━━━ Extracted records

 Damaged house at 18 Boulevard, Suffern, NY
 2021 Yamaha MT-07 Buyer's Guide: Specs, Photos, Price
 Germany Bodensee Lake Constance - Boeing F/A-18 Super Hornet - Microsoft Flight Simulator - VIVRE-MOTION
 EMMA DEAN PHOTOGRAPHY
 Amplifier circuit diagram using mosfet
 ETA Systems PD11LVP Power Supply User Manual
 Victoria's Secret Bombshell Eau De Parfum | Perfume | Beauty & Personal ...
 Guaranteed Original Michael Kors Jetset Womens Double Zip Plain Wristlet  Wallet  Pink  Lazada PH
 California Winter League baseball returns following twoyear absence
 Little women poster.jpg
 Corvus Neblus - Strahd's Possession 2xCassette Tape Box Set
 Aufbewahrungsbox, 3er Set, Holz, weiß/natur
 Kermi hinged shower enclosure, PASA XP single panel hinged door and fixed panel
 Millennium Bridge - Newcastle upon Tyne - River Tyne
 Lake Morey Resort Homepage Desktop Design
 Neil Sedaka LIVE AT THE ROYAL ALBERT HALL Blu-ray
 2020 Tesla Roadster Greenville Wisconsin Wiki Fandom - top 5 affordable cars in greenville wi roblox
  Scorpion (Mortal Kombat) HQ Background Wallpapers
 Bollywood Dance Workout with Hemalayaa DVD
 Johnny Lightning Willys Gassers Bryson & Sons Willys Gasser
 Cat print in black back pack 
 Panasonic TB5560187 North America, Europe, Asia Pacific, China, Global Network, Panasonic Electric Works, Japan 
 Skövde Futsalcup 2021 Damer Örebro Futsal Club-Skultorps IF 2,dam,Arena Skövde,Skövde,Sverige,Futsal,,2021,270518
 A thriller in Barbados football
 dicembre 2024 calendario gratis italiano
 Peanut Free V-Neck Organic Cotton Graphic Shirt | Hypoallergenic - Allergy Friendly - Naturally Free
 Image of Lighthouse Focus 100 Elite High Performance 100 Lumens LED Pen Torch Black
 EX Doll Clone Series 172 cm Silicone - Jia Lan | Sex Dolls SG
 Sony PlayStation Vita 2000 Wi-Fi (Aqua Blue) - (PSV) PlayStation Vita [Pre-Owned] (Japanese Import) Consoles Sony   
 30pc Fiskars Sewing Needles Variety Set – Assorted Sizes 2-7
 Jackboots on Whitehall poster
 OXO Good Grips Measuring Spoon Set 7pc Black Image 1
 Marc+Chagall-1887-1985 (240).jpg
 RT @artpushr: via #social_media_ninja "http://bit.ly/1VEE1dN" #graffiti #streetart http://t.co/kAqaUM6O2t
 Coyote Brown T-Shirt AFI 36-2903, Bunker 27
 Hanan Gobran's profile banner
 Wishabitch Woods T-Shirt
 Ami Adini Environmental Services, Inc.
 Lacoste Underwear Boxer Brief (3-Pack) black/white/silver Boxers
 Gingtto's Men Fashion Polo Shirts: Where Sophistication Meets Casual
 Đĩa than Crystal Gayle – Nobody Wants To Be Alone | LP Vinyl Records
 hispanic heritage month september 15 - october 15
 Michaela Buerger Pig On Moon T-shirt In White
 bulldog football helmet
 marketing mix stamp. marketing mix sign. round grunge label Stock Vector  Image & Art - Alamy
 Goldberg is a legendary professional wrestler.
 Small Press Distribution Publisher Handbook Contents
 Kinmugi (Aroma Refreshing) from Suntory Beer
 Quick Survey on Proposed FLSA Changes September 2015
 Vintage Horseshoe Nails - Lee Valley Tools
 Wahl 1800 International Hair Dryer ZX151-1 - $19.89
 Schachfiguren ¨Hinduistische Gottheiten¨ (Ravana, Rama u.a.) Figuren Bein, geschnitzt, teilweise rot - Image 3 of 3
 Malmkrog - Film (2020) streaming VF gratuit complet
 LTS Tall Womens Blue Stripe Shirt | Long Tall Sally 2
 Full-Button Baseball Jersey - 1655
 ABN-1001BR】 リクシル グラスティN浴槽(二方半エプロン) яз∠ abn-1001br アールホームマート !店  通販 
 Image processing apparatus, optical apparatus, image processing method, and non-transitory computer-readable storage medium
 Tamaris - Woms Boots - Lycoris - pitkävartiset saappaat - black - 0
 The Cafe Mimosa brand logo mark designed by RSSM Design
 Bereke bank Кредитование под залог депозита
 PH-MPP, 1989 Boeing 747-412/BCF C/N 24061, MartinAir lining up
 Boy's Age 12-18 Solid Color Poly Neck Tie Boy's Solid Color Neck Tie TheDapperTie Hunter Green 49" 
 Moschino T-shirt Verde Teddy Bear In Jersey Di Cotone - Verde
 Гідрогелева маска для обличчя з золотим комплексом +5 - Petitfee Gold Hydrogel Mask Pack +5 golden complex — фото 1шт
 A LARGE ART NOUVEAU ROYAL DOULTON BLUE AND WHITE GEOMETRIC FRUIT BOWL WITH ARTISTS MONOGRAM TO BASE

━━━━━━

◆ Problem details ◆
Please give an exact copy of the entries above, from the line with "A thriller in Barbados football" down to the line with "Bereke bank Кредитование под залог депозита", inclusive, and nothing else.

◆ Response to the exercise ◆
 A thriller in Barbados football
 dicembre 2024 calendario gratis italiano
 Peanut Free V-Neck Organic Cotton Graphic Shirt | Hypoallergenic - Allergy Friendly - Naturally Free
 Image of Lighthouse Focus 100 Elite High Performance 100 Lumens LED Pen Torch Black
 EX Doll Clone Series 172 cm Silicone - Jia Lan | Sex Dolls SG
 Sony PlayStation Vita 2000 Wi-Fi (Aqua Blue) - (PSV) PlayStation Vita [Pre-Owned] (Japanese Import) Consoles Sony   
 30pc Fiskars Sewing Needles Variety Set – Assorted Sizes 2-7
 Jackboots on Whitehall poster
 OXO Good Grips Measuring Spoon Set 7pc Black Image 1
 Marc+Chagall-1887-1985 (240).jpg
 RT @artpushr: via #social_media_ninja "http://bit.ly/1VEE1dN" #graffiti #streetart http://t.co/kAqaUM6O2t
 Coyote Brown T-Shirt AFI 36-2903, Bunker 27
 Hanan Gobran's profile banner
 Wishabitch Woods T-Shirt
 Ami Adini Environmental Services, Inc.
 Lacoste Underwear Boxer Brief (3-Pack) black/white/silver Boxers
 Gingtto's Men Fashion Polo Shirts: Where Sophistication Meets Casual
 Đĩa than Crystal Gayle – Nobody Wants To Be Alone | LP Vinyl Records
 hispanic heritage month september 15 - october 15
 Michaela Buerger Pig On Moon T-shirt In White
 bulldog football helmet
 marketing mix stamp. marketing mix sign. round grunge label Stock Vector  Image & Art - Alamy
 Goldberg is a legendary professional wrestler.
 Small Press Distribution Publisher Handbook Contents
 Kinmugi (Aroma Refreshing) from Suntory Beer
 Quick Survey on Proposed FLSA Changes September 2015
 Vintage Horseshoe Nails - Lee Valley Tools
 Wahl 1800 International Hair Dryer ZX151-1 - $19.89
 Schachfiguren ¨Hinduistische Gottheiten¨ (Ravana, Rama u.a.) Figuren Bein, geschnitzt, teilweise rot - Image 3 of 3
 Malmkrog - Film (2020) streaming VF gratuit complet
 LTS Tall Womens Blue Stripe Shirt | Long Tall Sally 2
 Full-Button Baseball Jersey - 1655
 ABN-1001BR】 リクシル グラスティN浴槽(二方半エプロン) яз∠ abn-1001br アールホームマート !店  通販 
 Image processing apparatus, optical apparatus, image processing method, and non-transitory computer-readable storage medium
 Tamaris - Woms Boots - Lycoris - pitkävartiset saappaat - black - 0
 The Cafe Mimosa brand logo mark designed by RSSM Design
 Bereke bank Кредитование под залог депозита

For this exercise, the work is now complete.